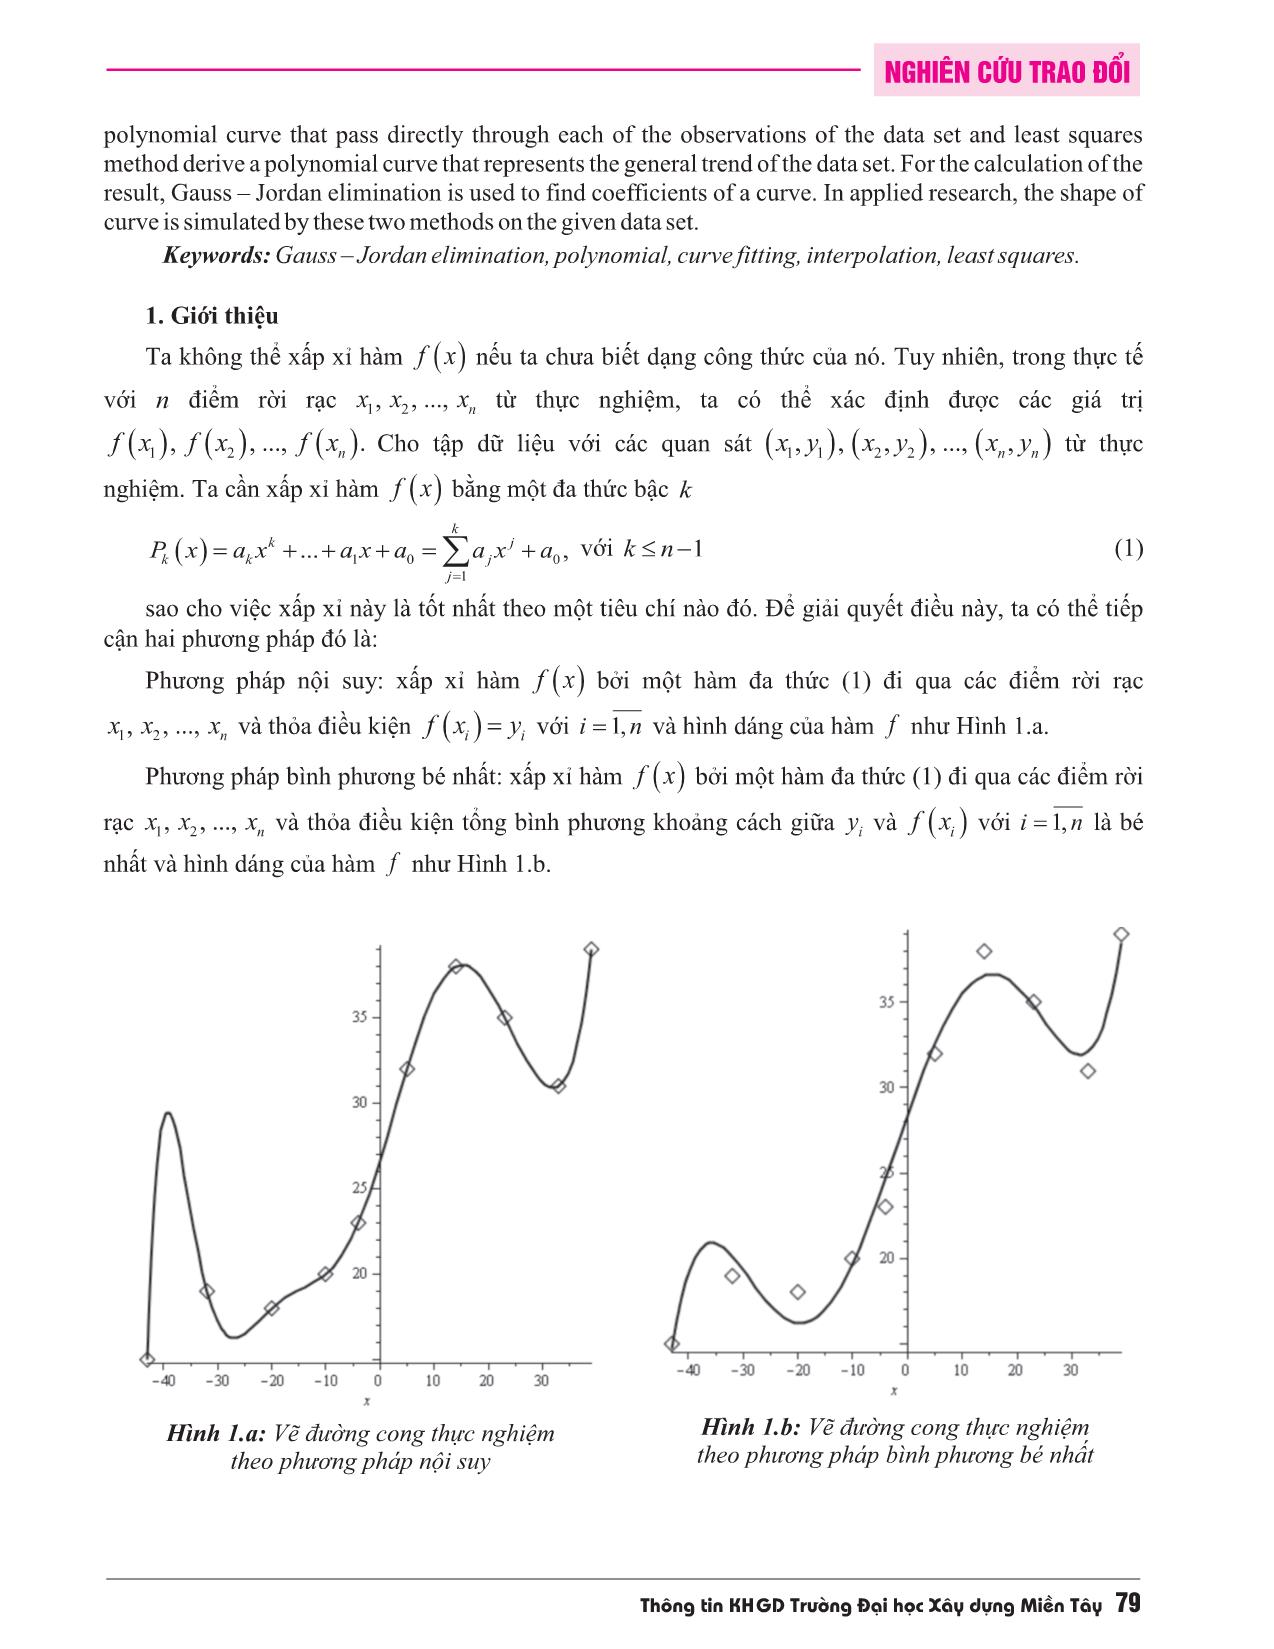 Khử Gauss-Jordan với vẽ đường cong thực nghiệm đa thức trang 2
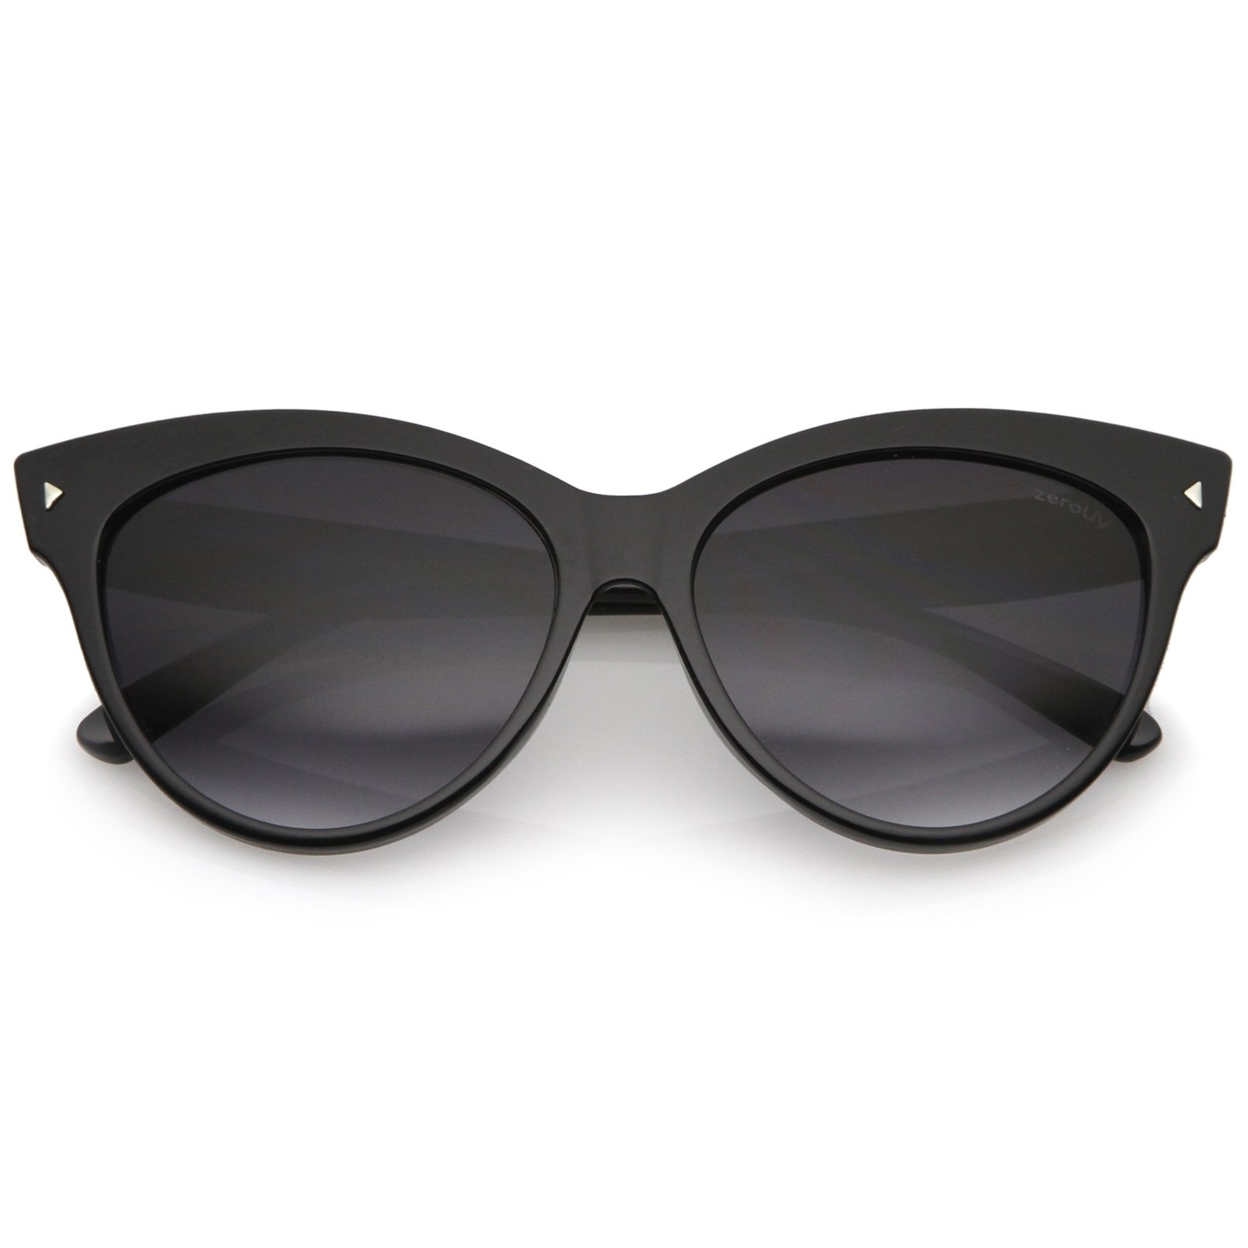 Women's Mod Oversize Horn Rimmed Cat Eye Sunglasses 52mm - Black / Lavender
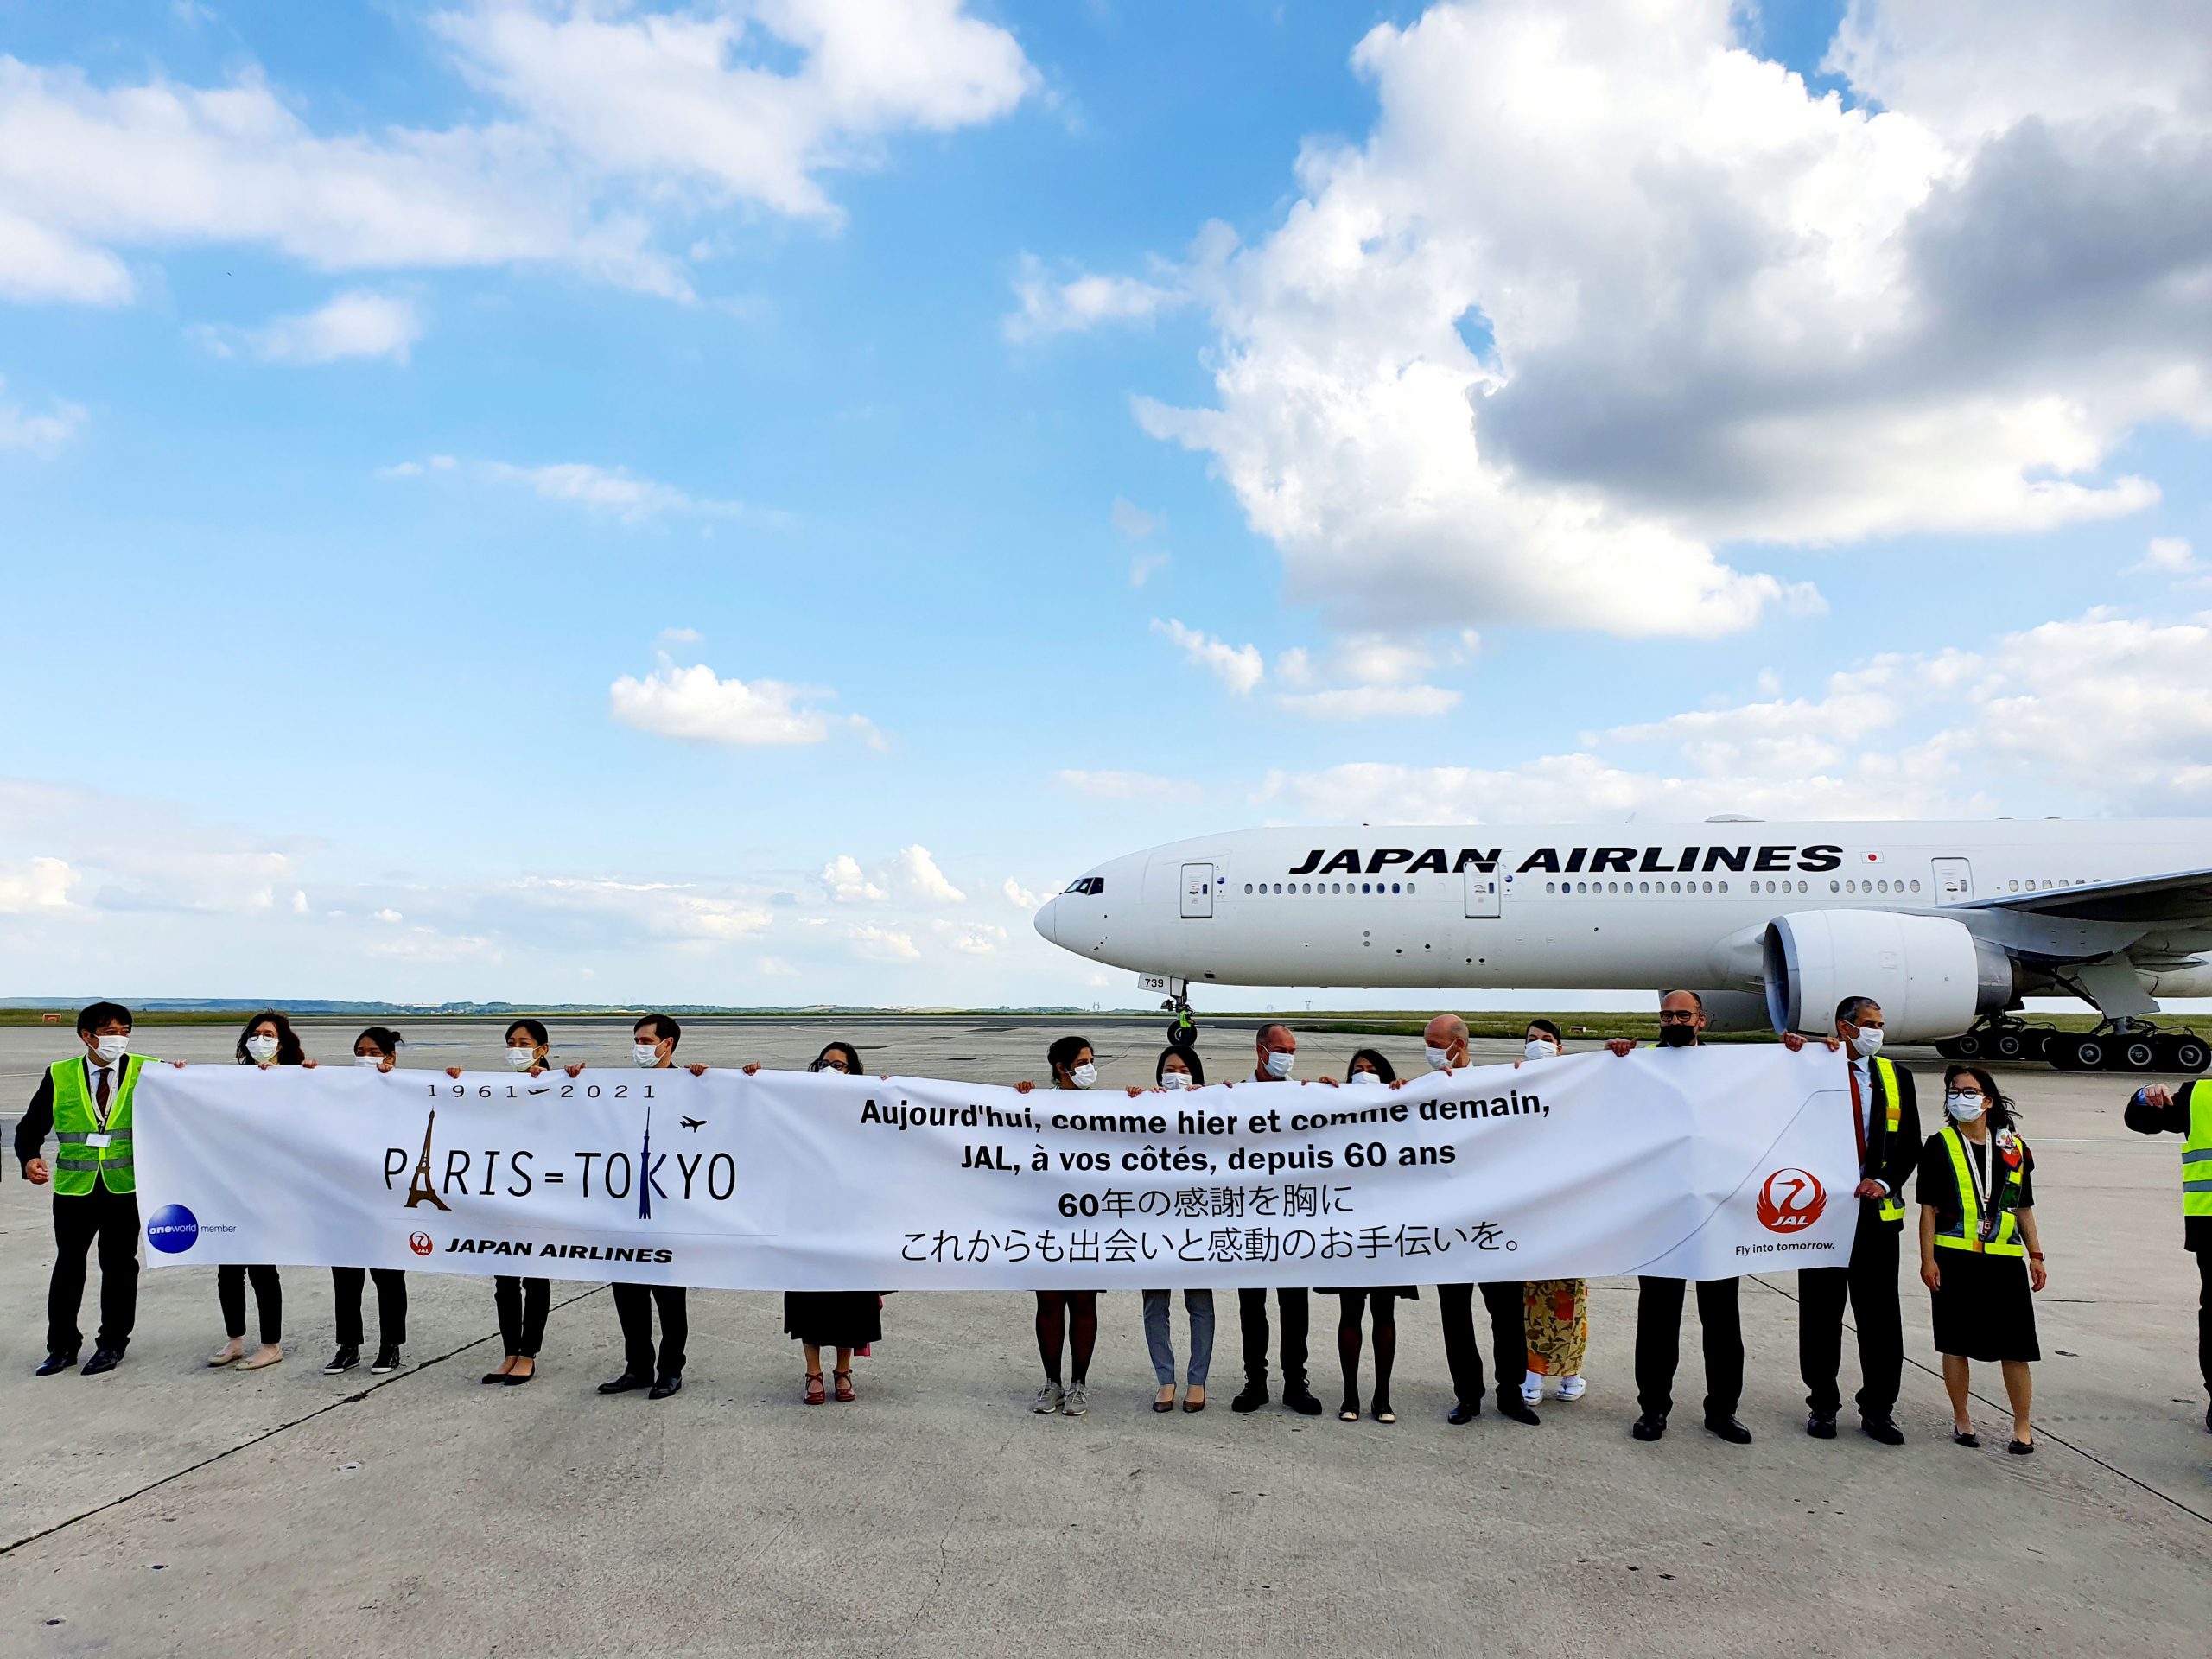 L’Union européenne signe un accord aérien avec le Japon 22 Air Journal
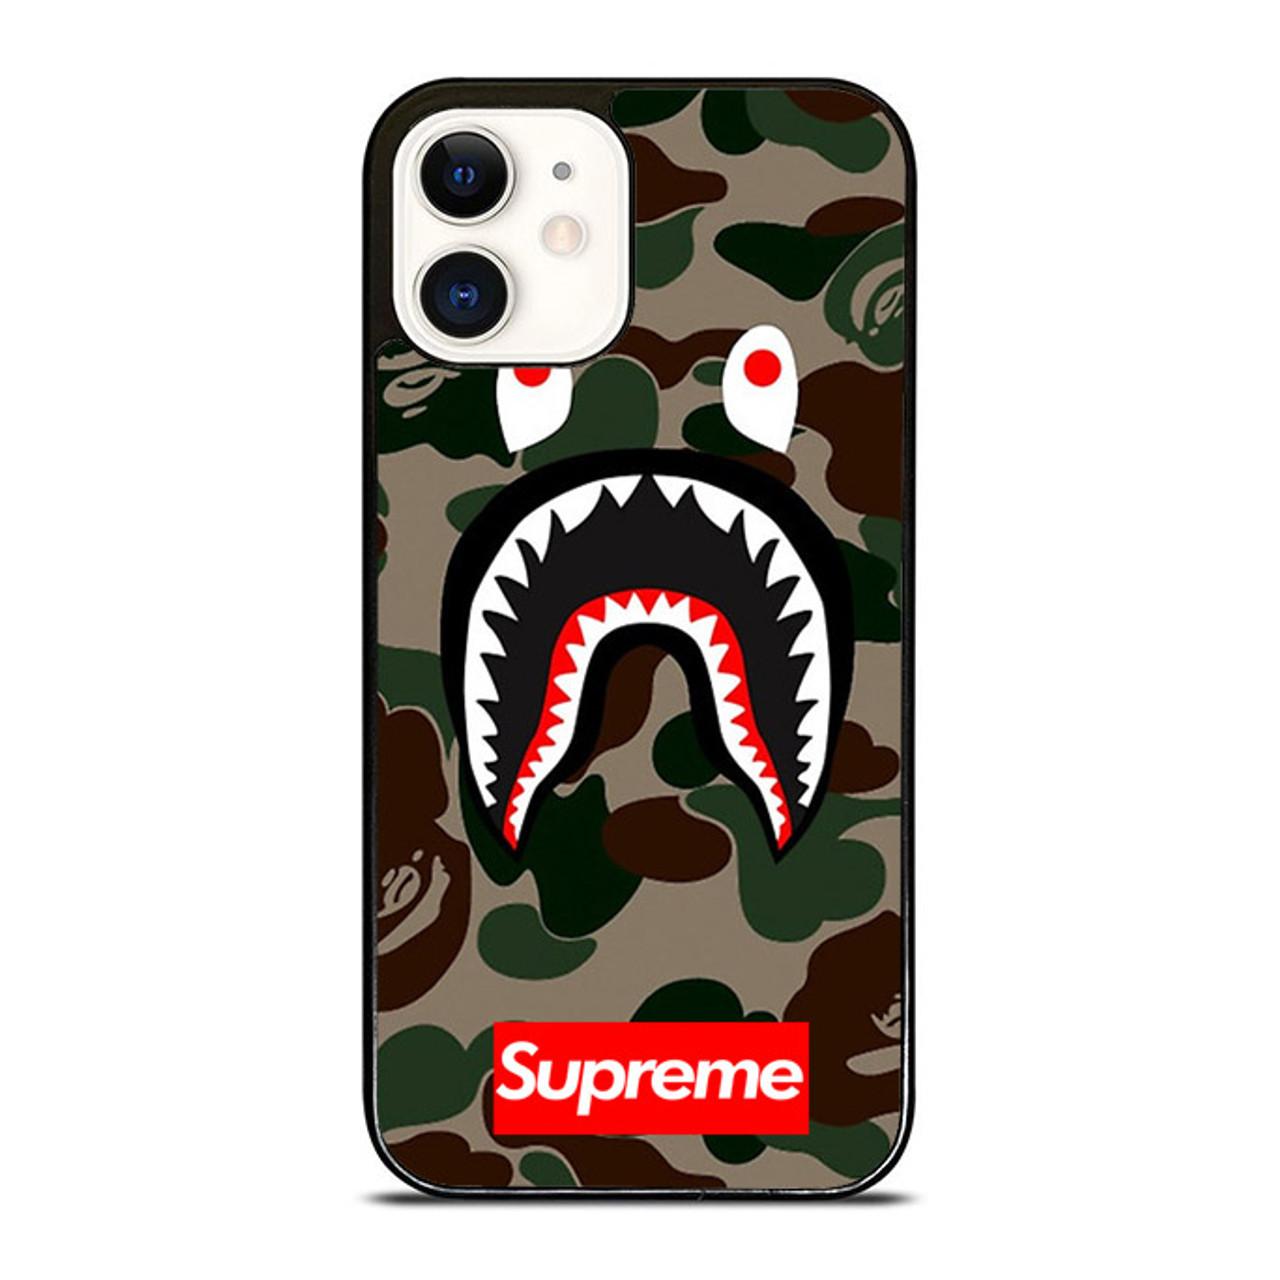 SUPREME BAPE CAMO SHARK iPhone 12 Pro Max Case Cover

· · · ·

TASK REQUIREMENTS: Return the listing above in an exact copy that leaves out the images.

THE COMPLETED TASK:
 Khử Gauss-Jordan với vẽ đường cong thực nghiệm đa thức trang 2
 Women's Mod Oversize Horn Rimmed Cat Eye Sunglasses 52mm - Black / Lavender
 L’Union européenne signe un accord aérien avec le Japon 22 Air Journal
 SUPREME BAPE CAMO SHARK iPhone 12 Pro Max Case Cover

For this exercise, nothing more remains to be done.